Now, what does this have to do with crypto? Everything. Institutional investors see Bitcoin and altcoins as part of their broader tech portfolios. When software companies panic and need liquidity, they sell everything, including crypto holdings. Bitcoin maintains a correlation of around 0.65 with NASDAQ, so when traditional tech suffers, crypto suffers too.
What really concerns me is the credit market. The private credit market is contracting. Lenders have become cautious, and loans to software companies fell nearly 35% just over a year ago. That means less liquidity in the system, period. And less liquidity affects all correlated asset classes.
Automation tools are also changing how markets operate. With fewer software companies investing, less capital is flowing into the tech ecosystem. Less capital means less liquidity for market makers in crypto. Less liquidity equals more volatility. It’s a domino effect.
What you should be monitoring: quarterly earnings of software companies, funding rounds in AI, movements on crypto exchanges, private credit availability, and especially those correlation coefficients between assets. These indicators will tell you where market stress is building.

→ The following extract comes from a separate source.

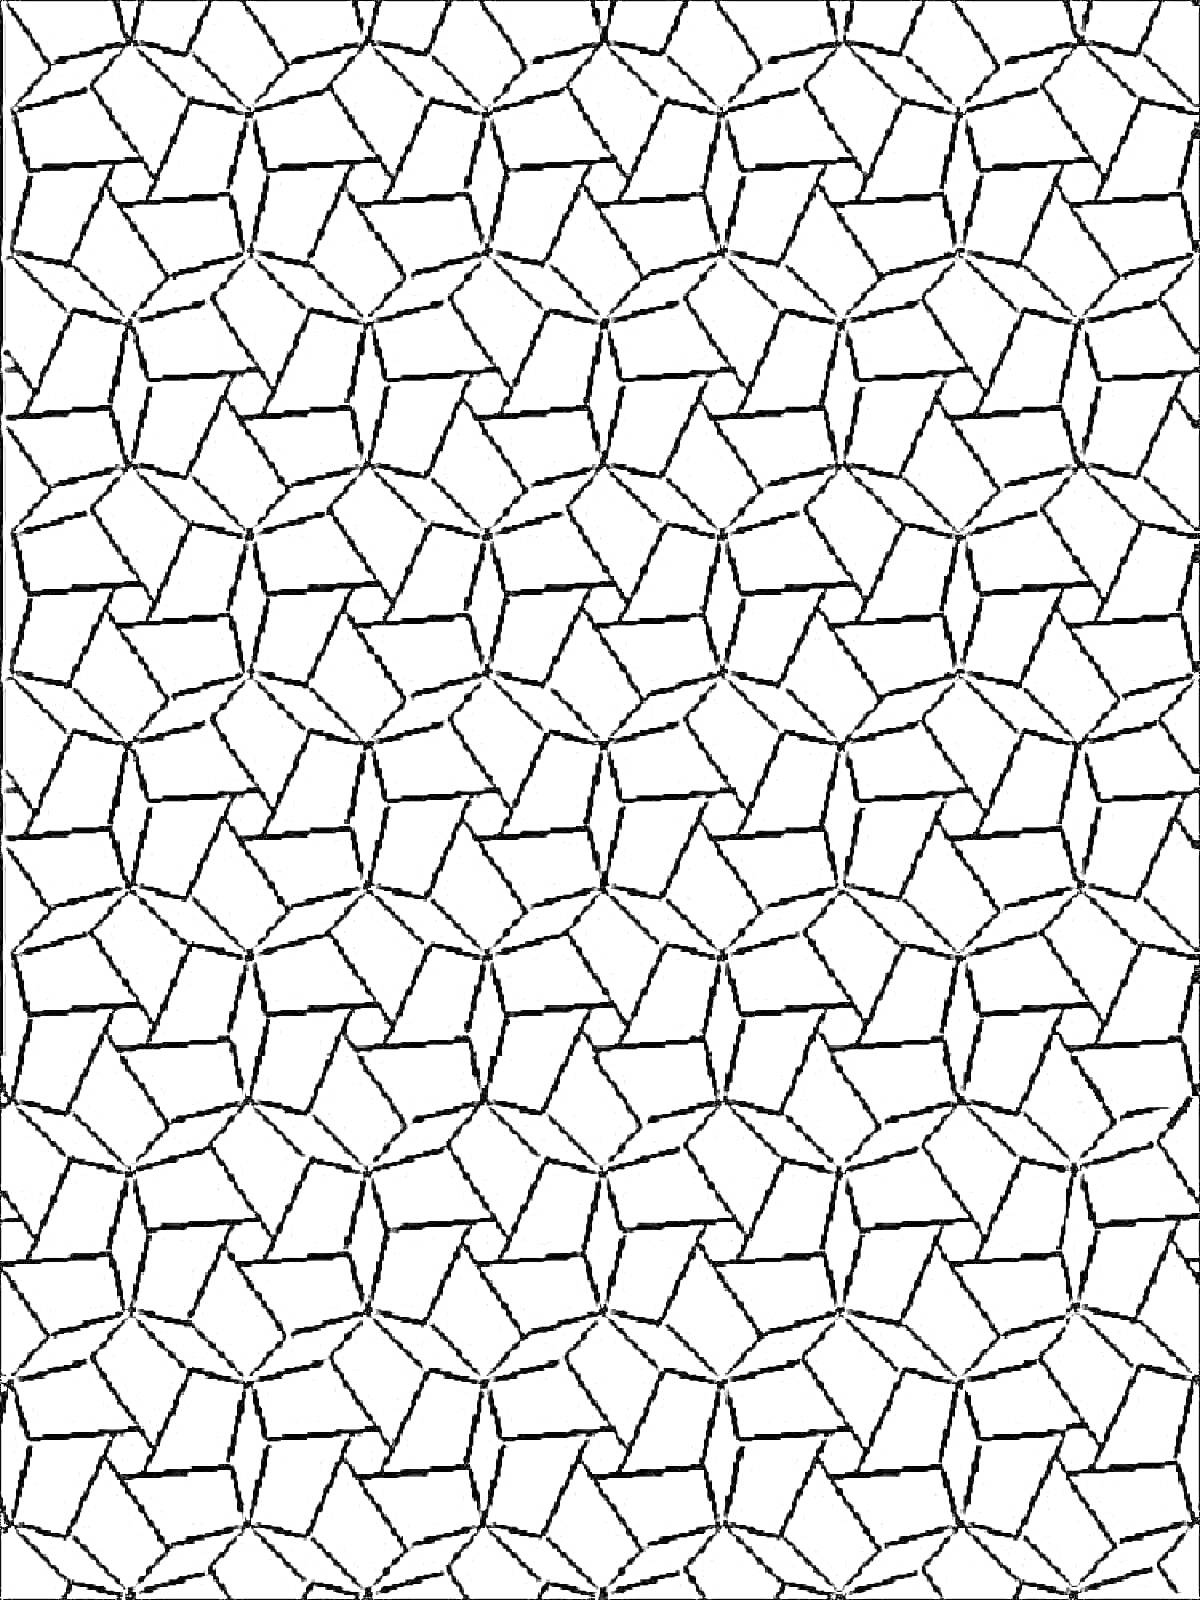 геометрическая мозаика из шестиугольников и пятиугольников

This isn’t the first technological transition we’ve seen, but the speed and scale of this one are different. 2022 showed us what happens when credit tightens and risk assets are sold off. It looks like we’re seeing similar patterns, but with more complex mechanisms.
The reality is that financial markets are becoming increasingly interconnected. What happens in the software sector isn’t an isolated corporate tech issue. It’s an indicator of broader capital flows that eventually impact crypto. If you understand these connections, you’ll better understand where the real risks lie.